Please transcribe only the lines between the one containing "I Raufoss industripark" and the end of the records, both ends included, exactly as written; skip every picture.
PROVIDED RECORDS Start Marker
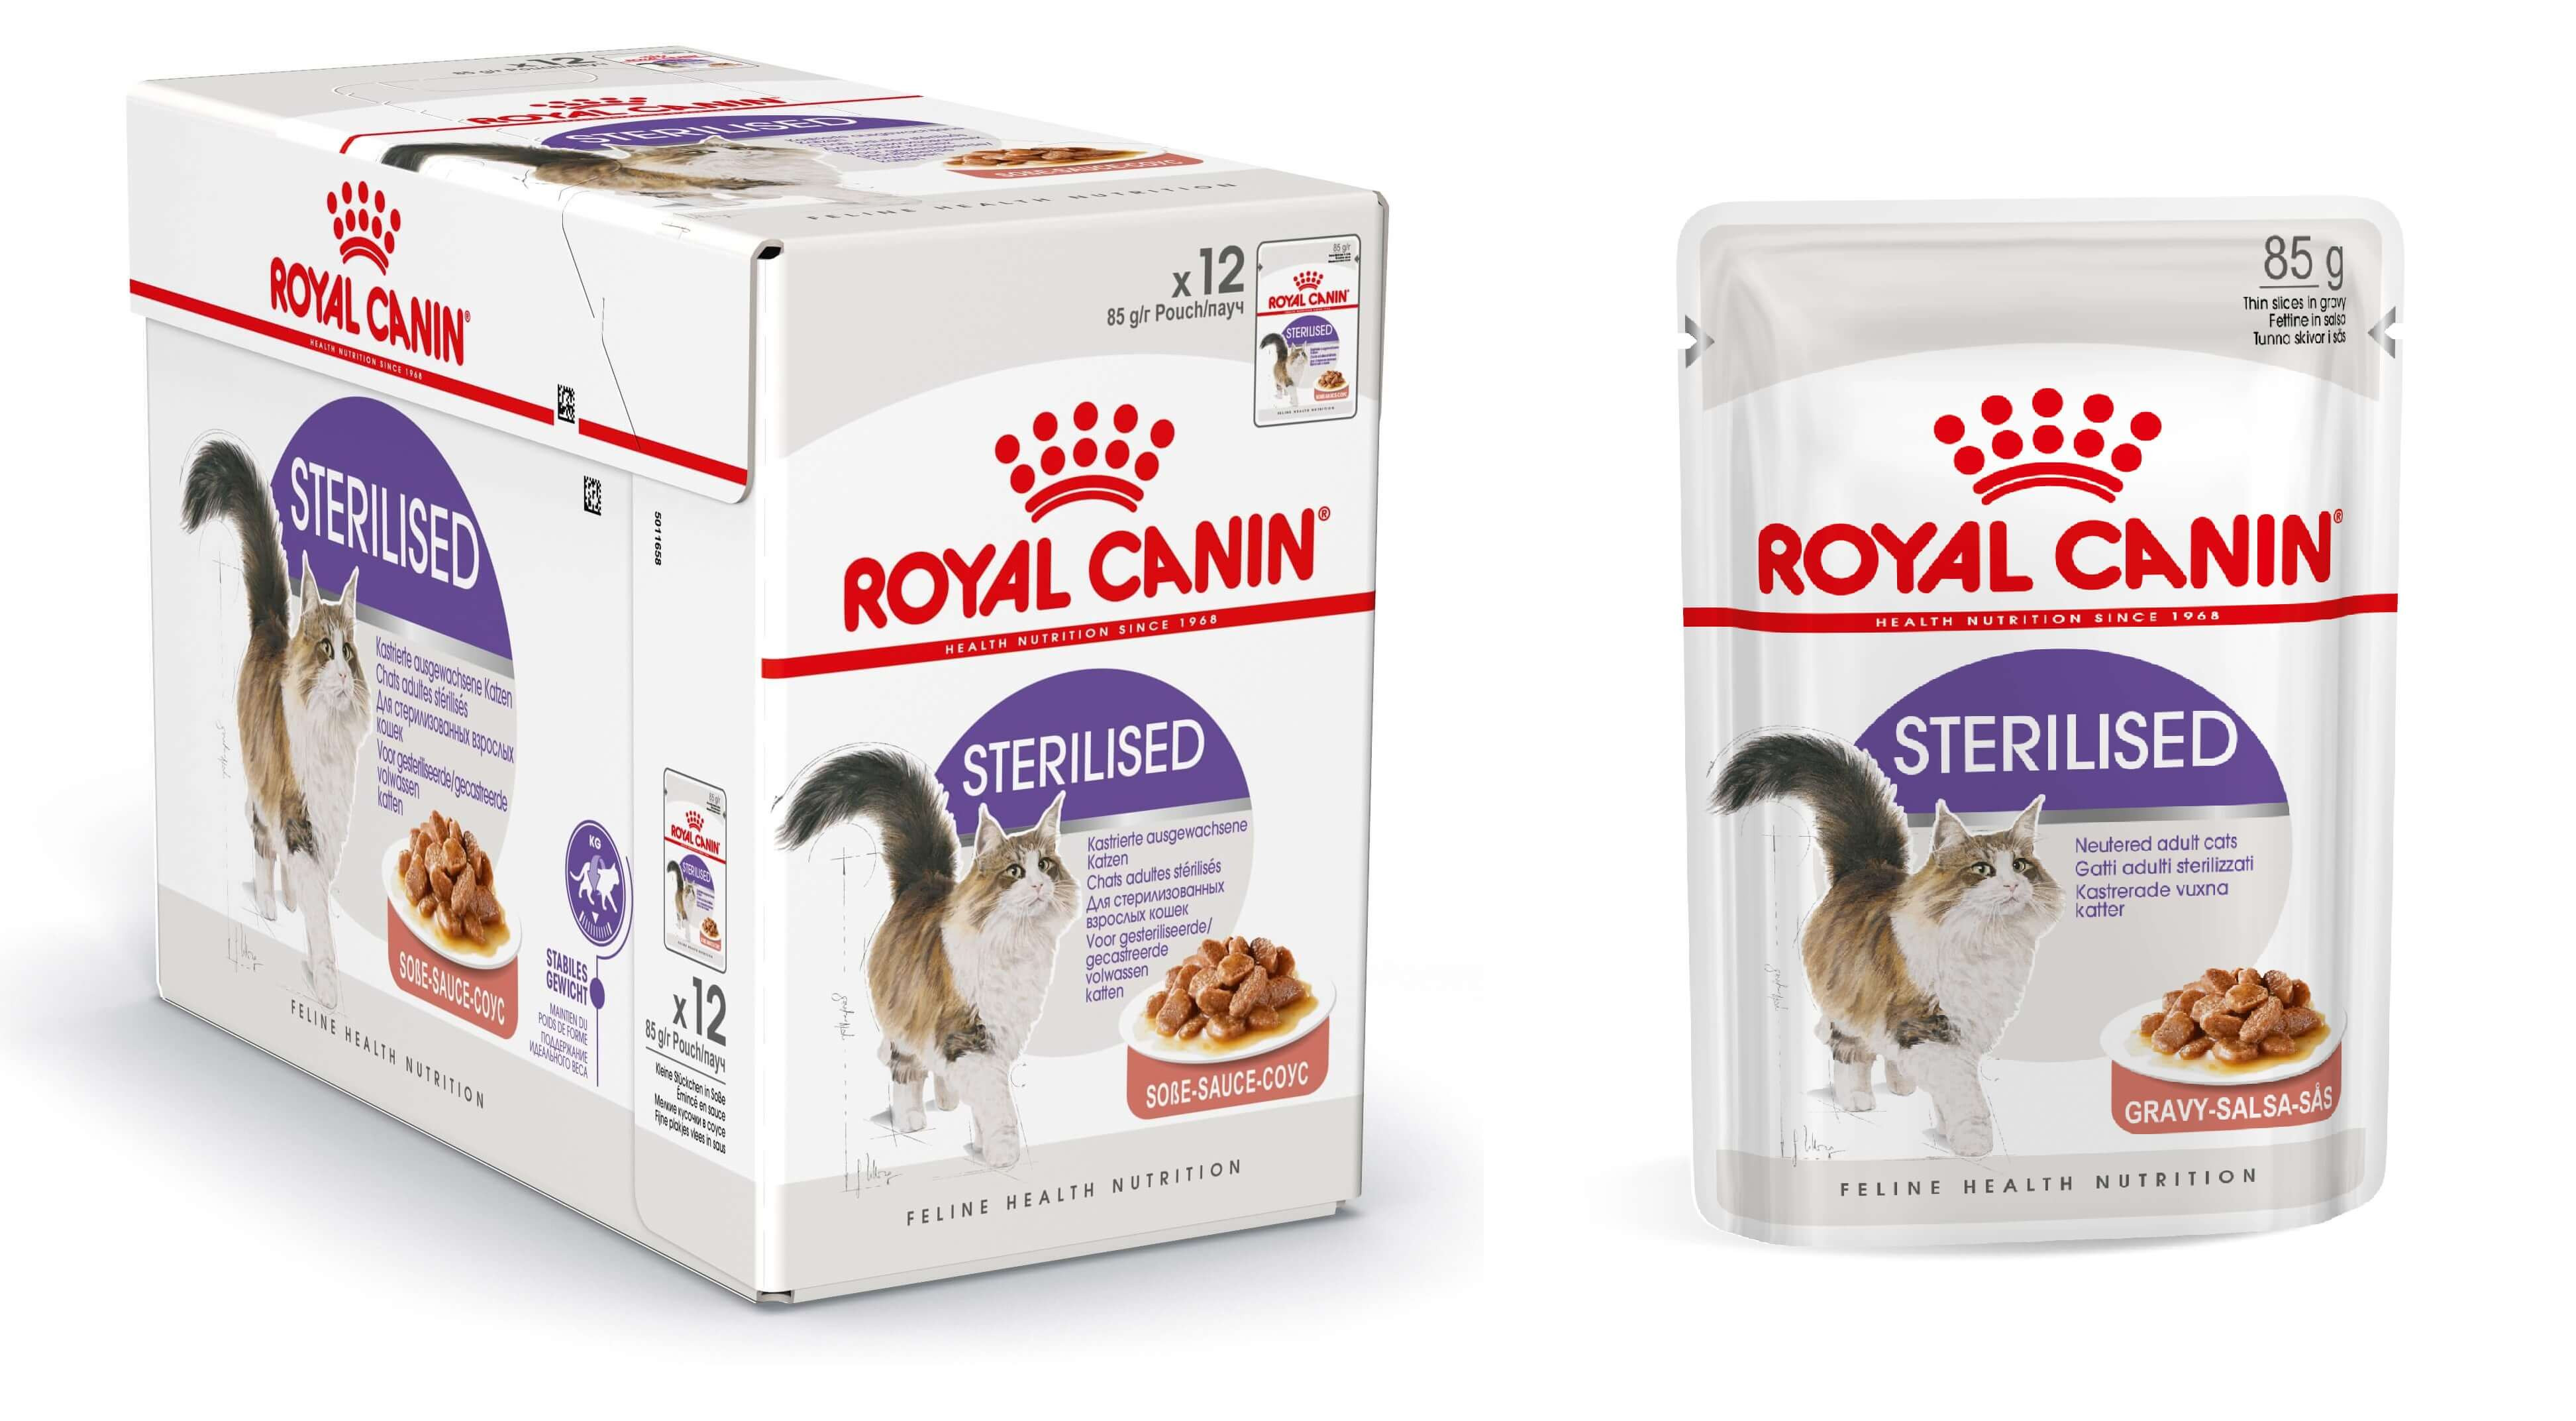 Royal Canin Sterilised cibo umido per gatto x12
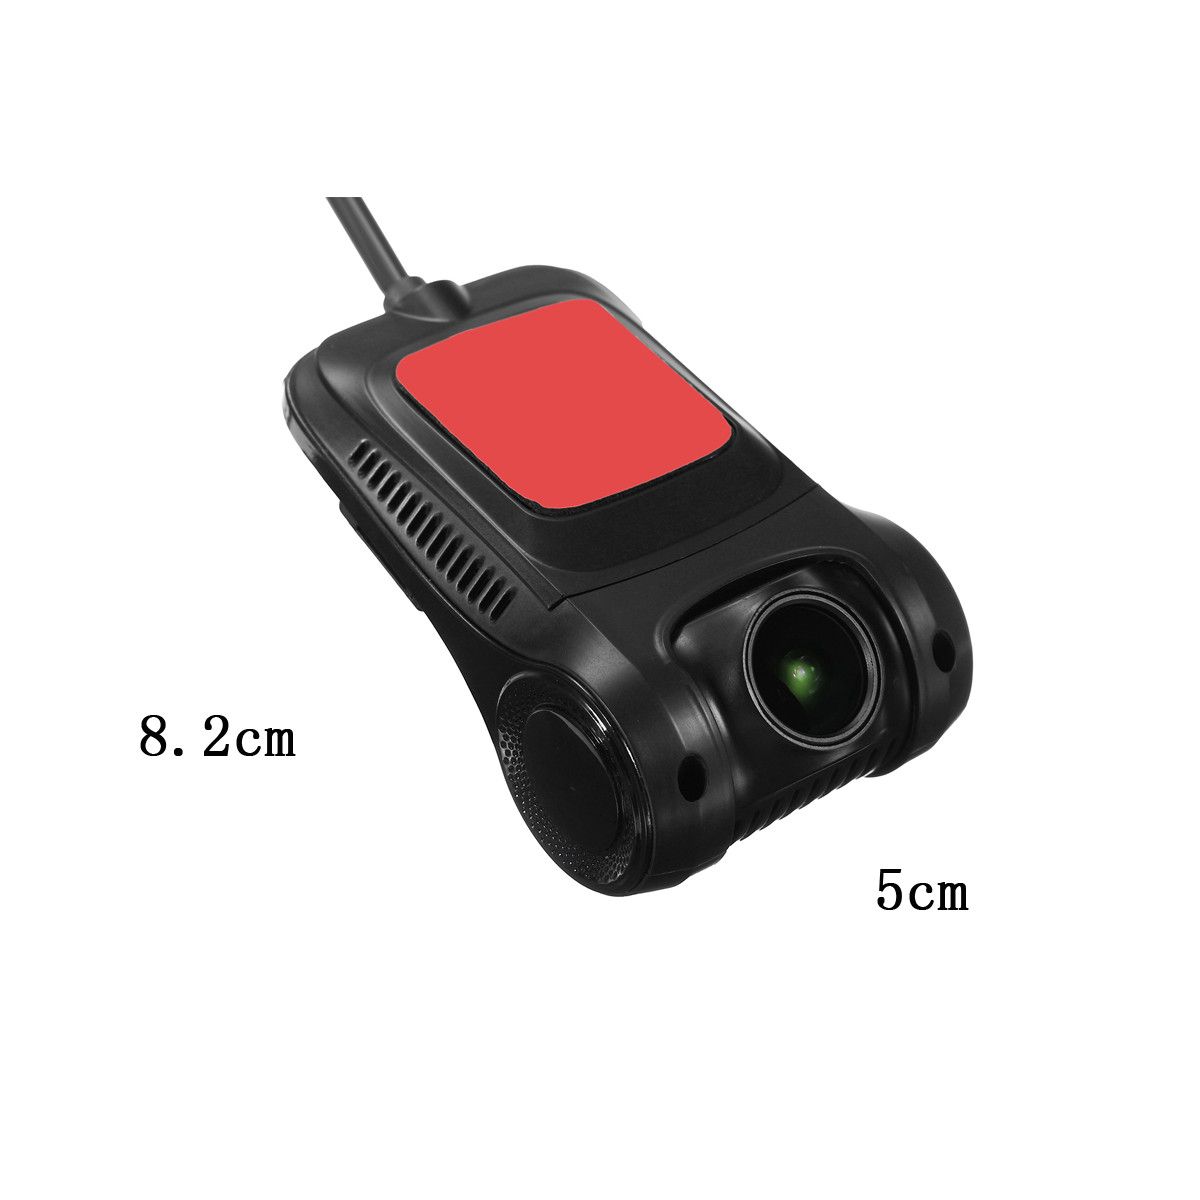 RS301-Video-Recorder-1080P-Car-DVR-Hidden-Camera-Hotspot-G-Sensor-Night-Vision-1197068
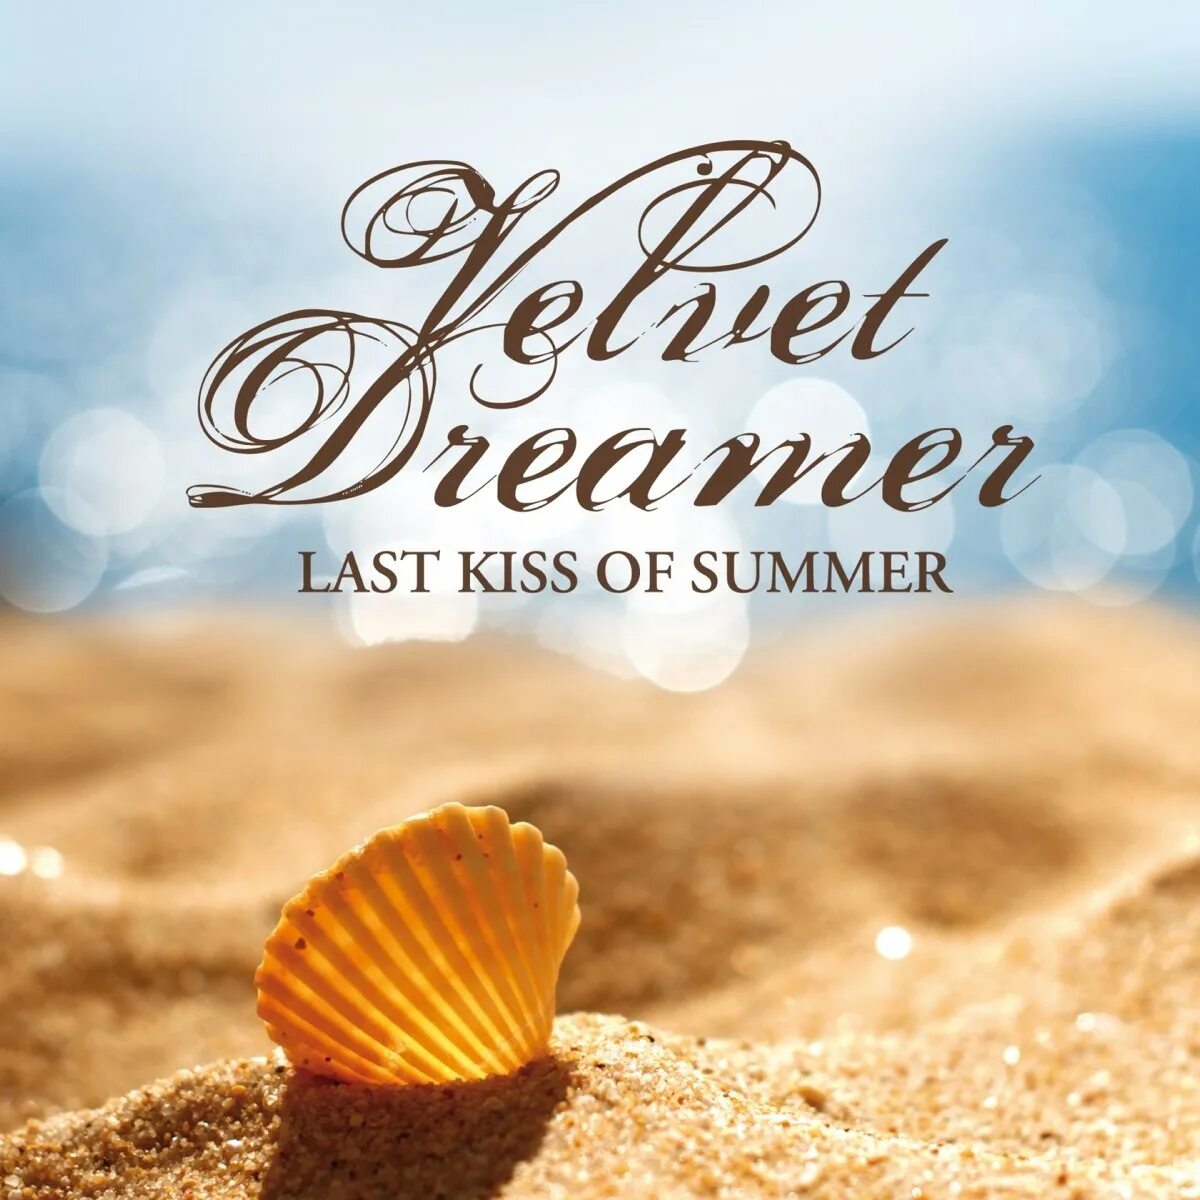 Velvet Dreamer. Velvet Dreamer обложка. Velvet Dreamer исполнители. Velvet Dreamer Deep Dive. Summer kiss
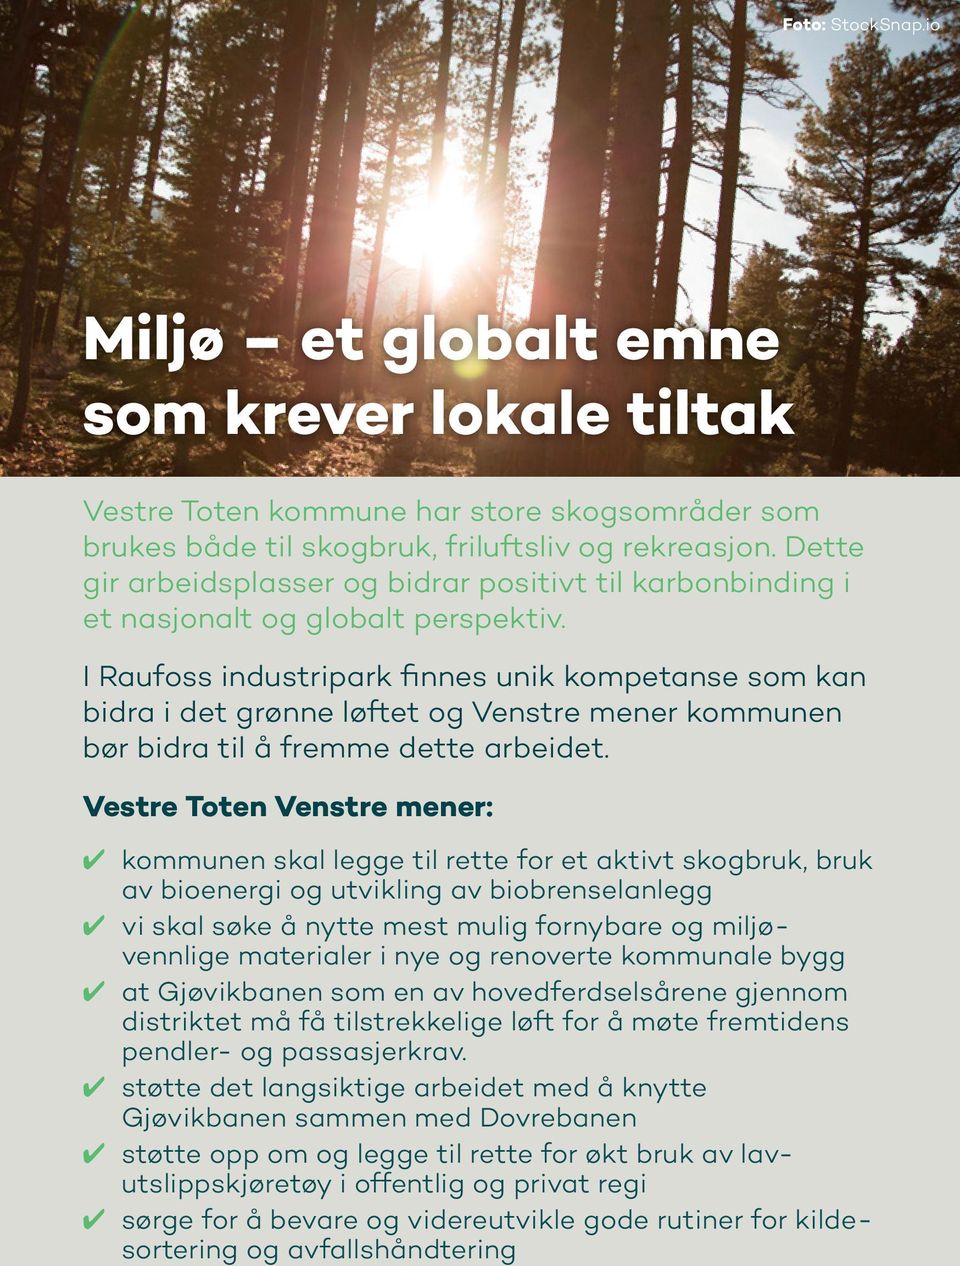 I Raufoss industripark finnes unik kompetanse som kan bidra i det grønne løftet og Venstre mener kommunen bør bidra til å fremme dette arbeidet.
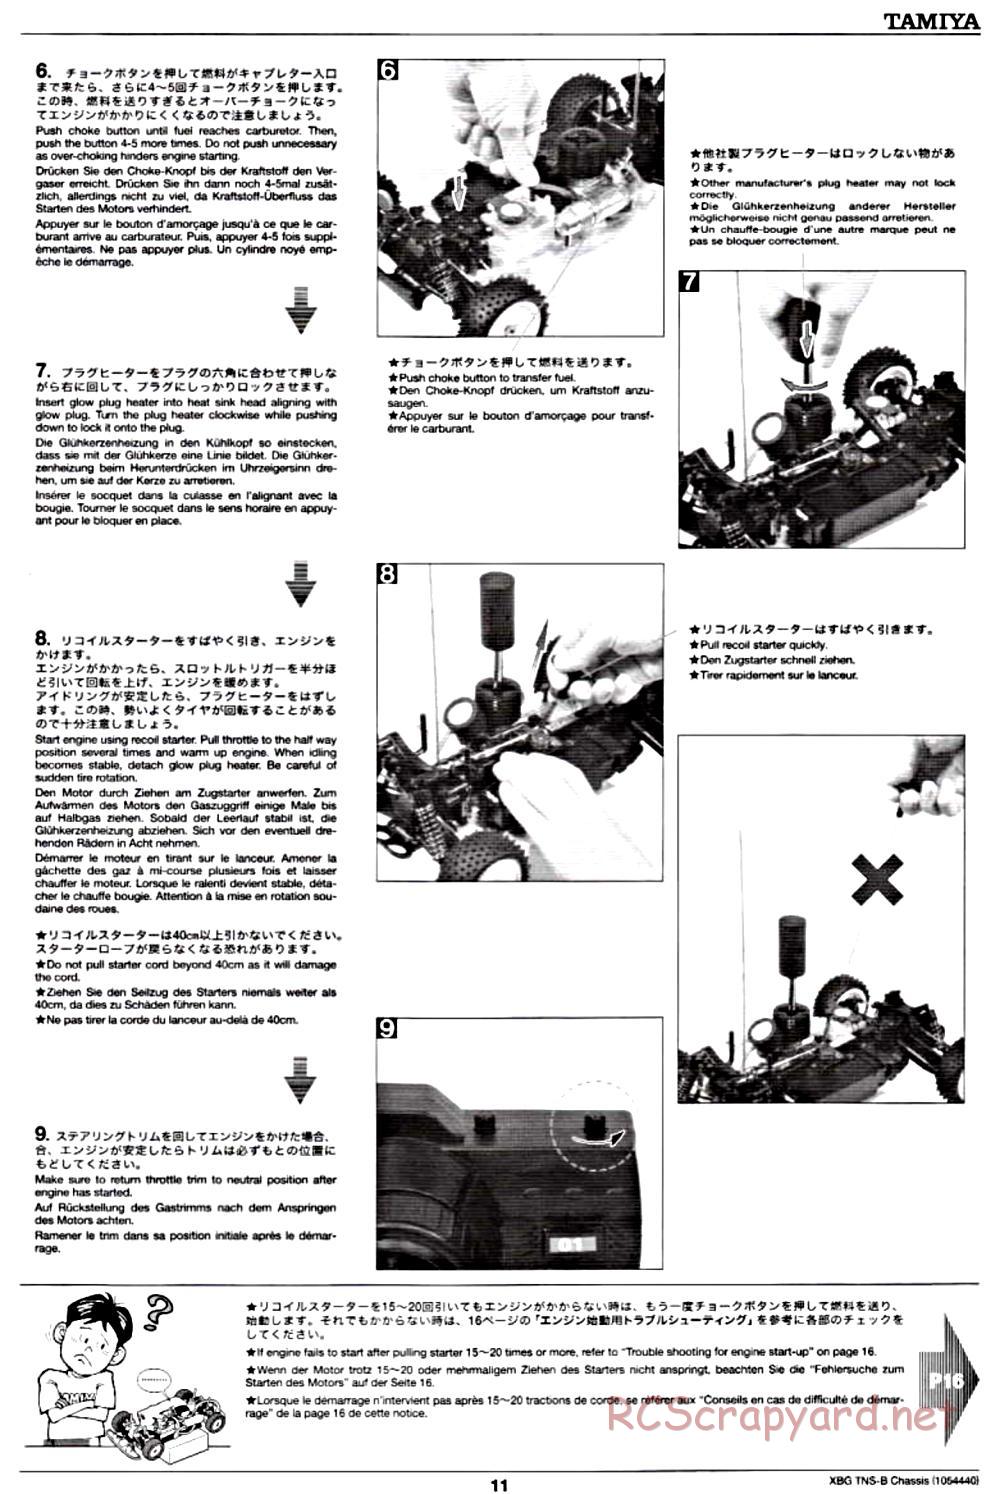 Tamiya - TNS-B Chassis - Manual - Page 11
PROVIDED RECORDS End Marker
ANSWER SECTION
 I Raufoss industripark finnes unik kompetanse som kan bidra i det grønne løftet og Venstre mener kommunen bør bidra til å fremme dette arbeidet.
 Tamiya - TNS-B Chassis - Manual - Page 11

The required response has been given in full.